MCCAMMON: Yep. Kris Kobach is the state attorney general. He's up against the incumbent governor, Republican Jeff Colyer. Kobach, he's well-known for leading Trump's voter fraud commission that really didn't find a lot. If he wins, Democrats are hoping he might be easier to sort of pick off. And they're running - likely Democratic nominee Laura Kelly is seen as potentially having an edge over Kobach. So that's an interesting race to watch as well.

GREENE: It's sounding like an election year, Sarah.

MCCAMMON: Just a little bit.

(LAUGHTER)

GREENE: Sarah McCammon, thanks a lot. We appreciate it.

MCCAMMON: Thank you.

(SOUNDBITE OF MUSIC)

GREENE: OK. At midnight, the United States reimposed some economic sanctions on Iran that had been lifted under that multination nuclear deal.
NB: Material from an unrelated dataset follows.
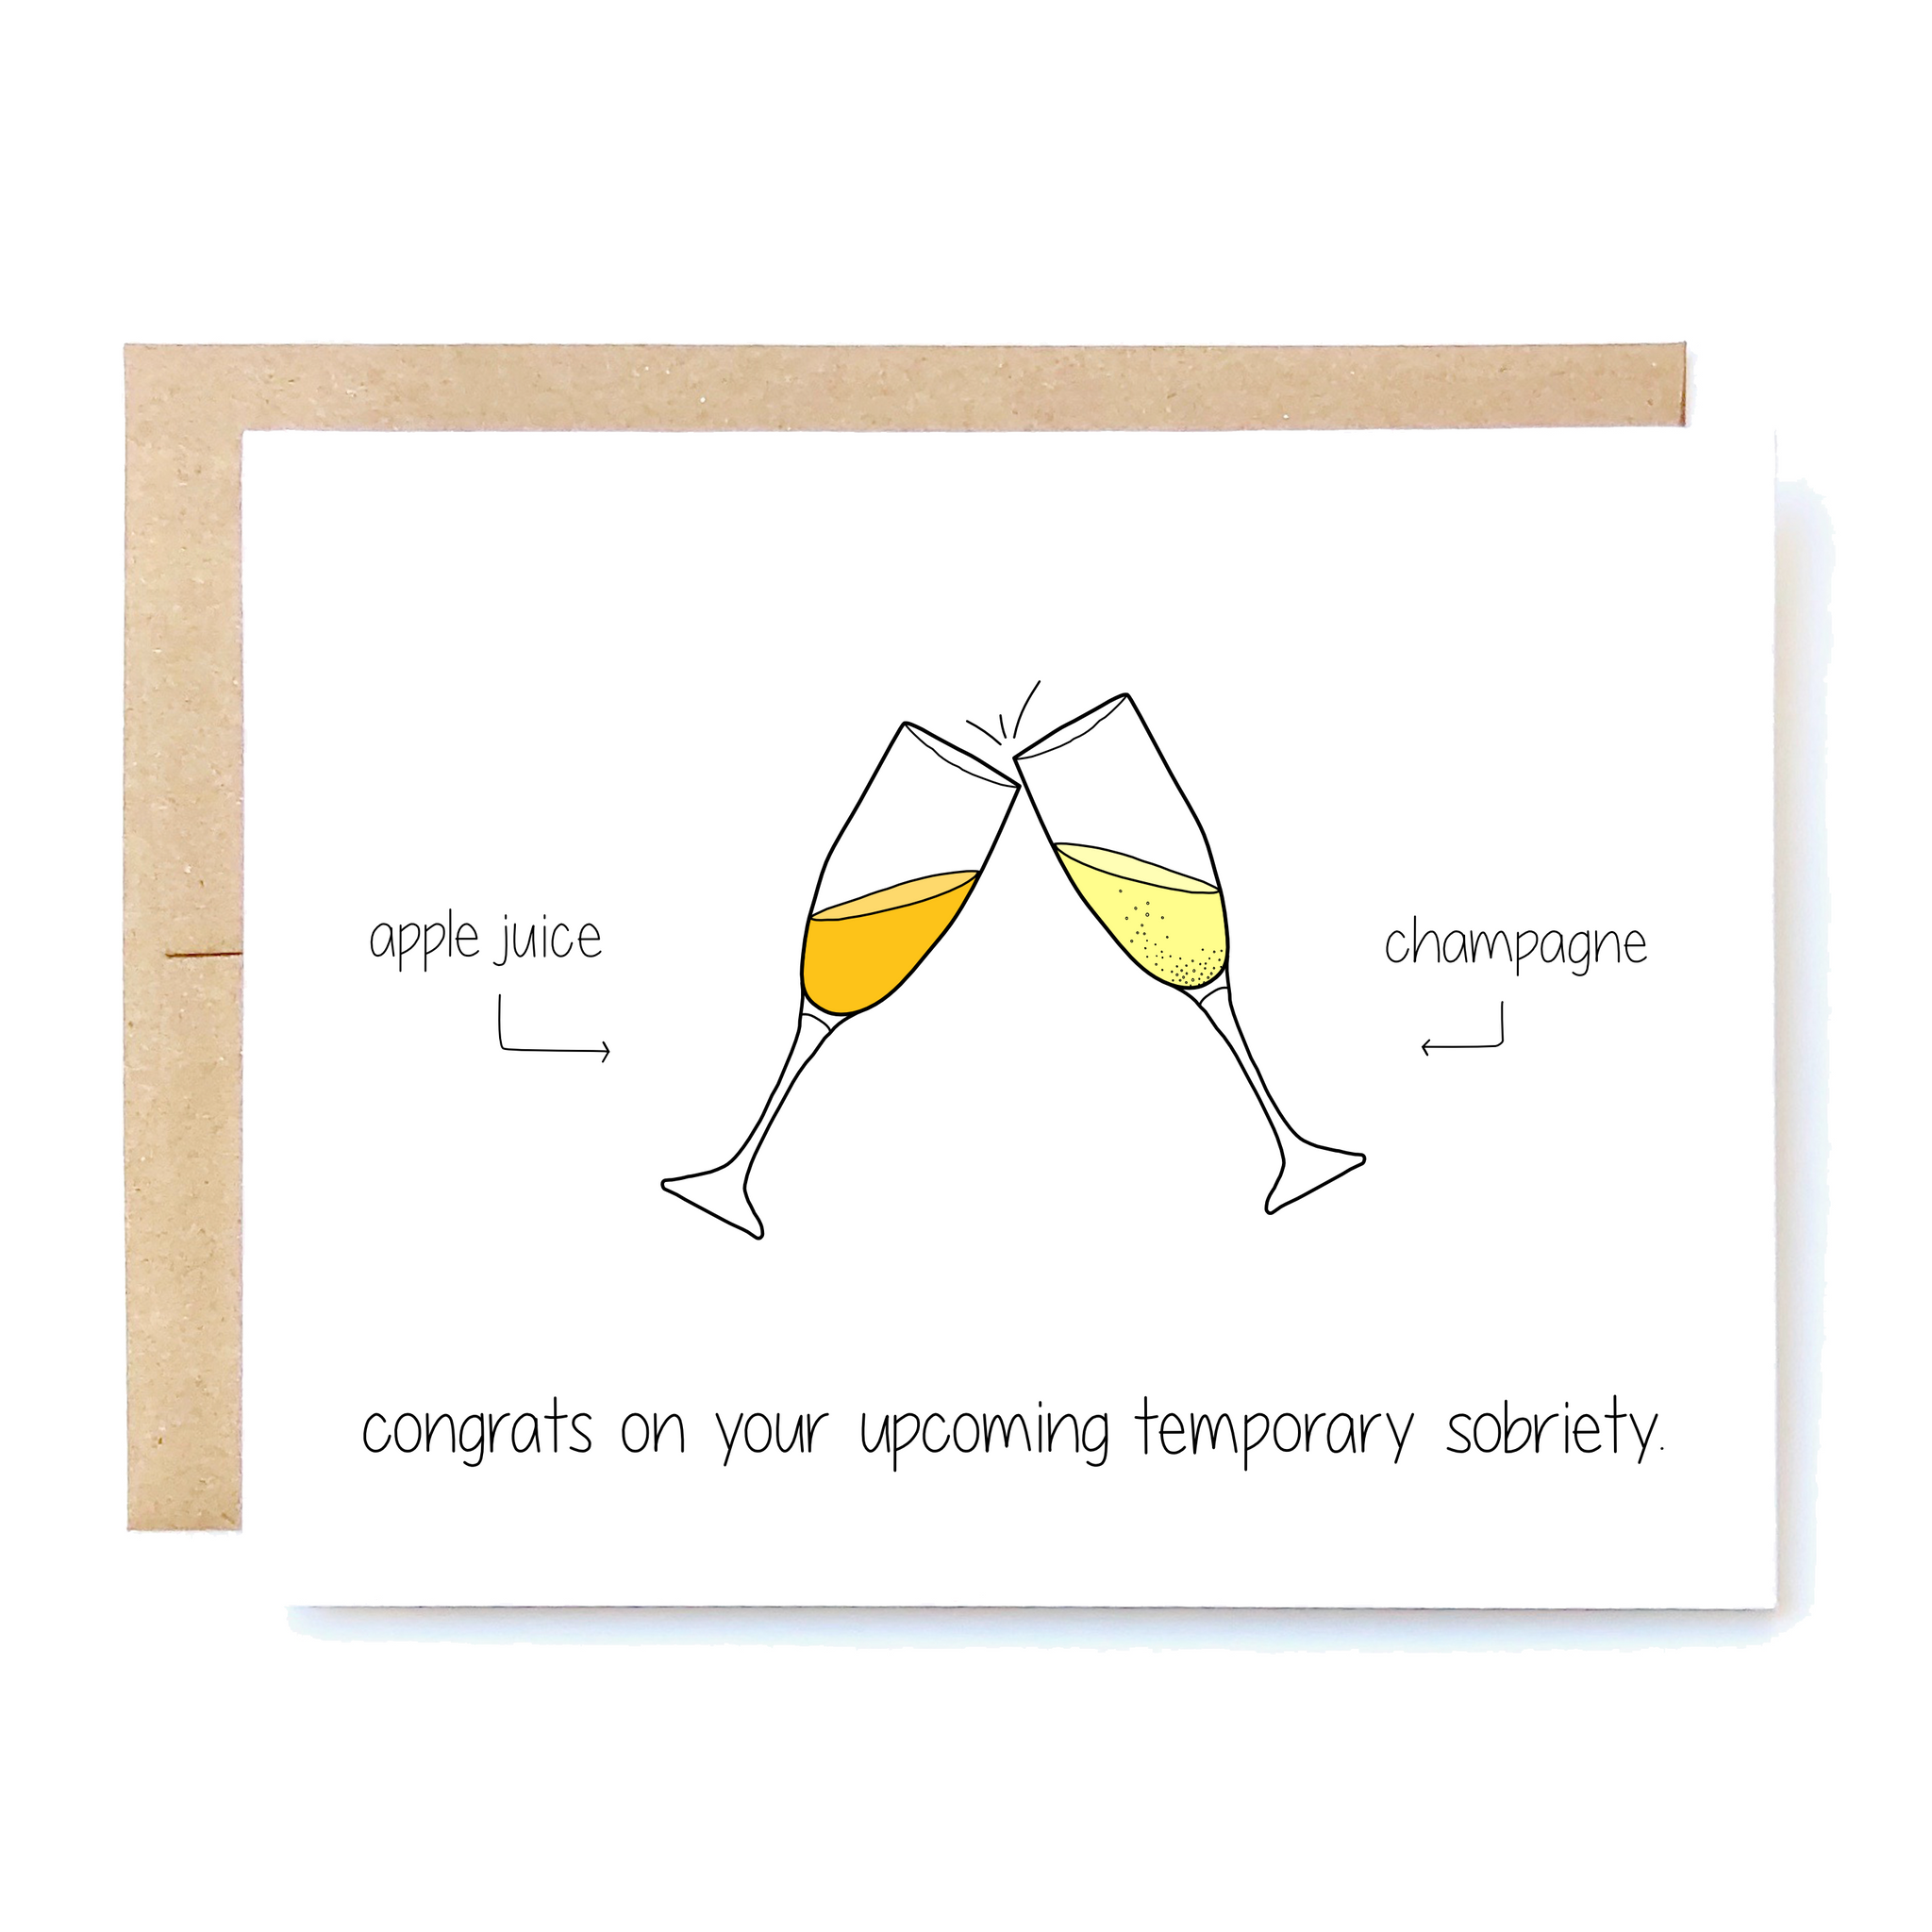 Card Front: Congrats on your upcoming temporary sobriety.

KING: Yeah, the deal was made in 2015. The U.S. and other countries eased sanctions in return for limits on Iran's nuclear program. But President Trump pulled the U.S. out of the deal in May, and now he's warning other countries that they could get cut off from doing business here in the U.S. if they trade with Iran.

GREENE: OK. Let's start with some of the basics here with NPR's Peter Kenyon, who's been covering this. Hi, Peter.

PETER KENYON, BYLINE: Hey, David.

GREENE: So what exactly are the sanctions that kicked in at midnight last night?

KENYON: Well, they cover a range of things. Bringing U.S. dollars into Iran would be penalized, also keeping or spending large amounts of the Iranian currency outside Iran. Then there's sanctions on gold, copper, steel, coal, the auto sector, all the way down to familiar products such as Persian carpets or pistachios. Now, Washington says it's trying to achieve maximum pressure on Iran to bring it back to the table for more talks on its behavior in the region - Yemen, Syria, Lebanon - on its missile program and other things, even perhaps negotiating a tougher nuclear deal.

GREENE: And so the Iranian government, Peter - I mean, the whole motivation for them coming into this deal was to get rid of these sanctions. That was so important to them.

KENYON: Yeah.

GREENE: So how are they responding to these reimposed sanctions now?

KENYON: Well, they've already charged the U.S. with violating the existing nuclear agreement. And President Hassan Rouhani gave an interview last night where he dismissed the Trump administration's offer of direct talks, saying the U.S. can't be trusted - why should we talk now? Up to this point, Iran has not itself walked away from the deal. It's still complying. The question is, can that last as the sanctions begin to bite?

Meanwhile, the economy already was suffering, and it will likely get worse. There have been street protests that began late last year. They were over economic issues. They're continuing and even growing now in some areas. Washington says it's trying to pressure the Iranian regime, but it is the public, especially the low-income public, that is mainly feeling the pain. We should note, though, that these protests are about Iranian mismanagement, not outside sanctions - at least so far.

GREENE: Peter, one of the looming questions here that we've talked about is whether other countries that were part of this deal - I mean, Germany, Britain, France, China, Russia - could keep trading with Iran once President Trump followed through, reimposed these sanctions. So is now where we're going to start seeing the answer to that question?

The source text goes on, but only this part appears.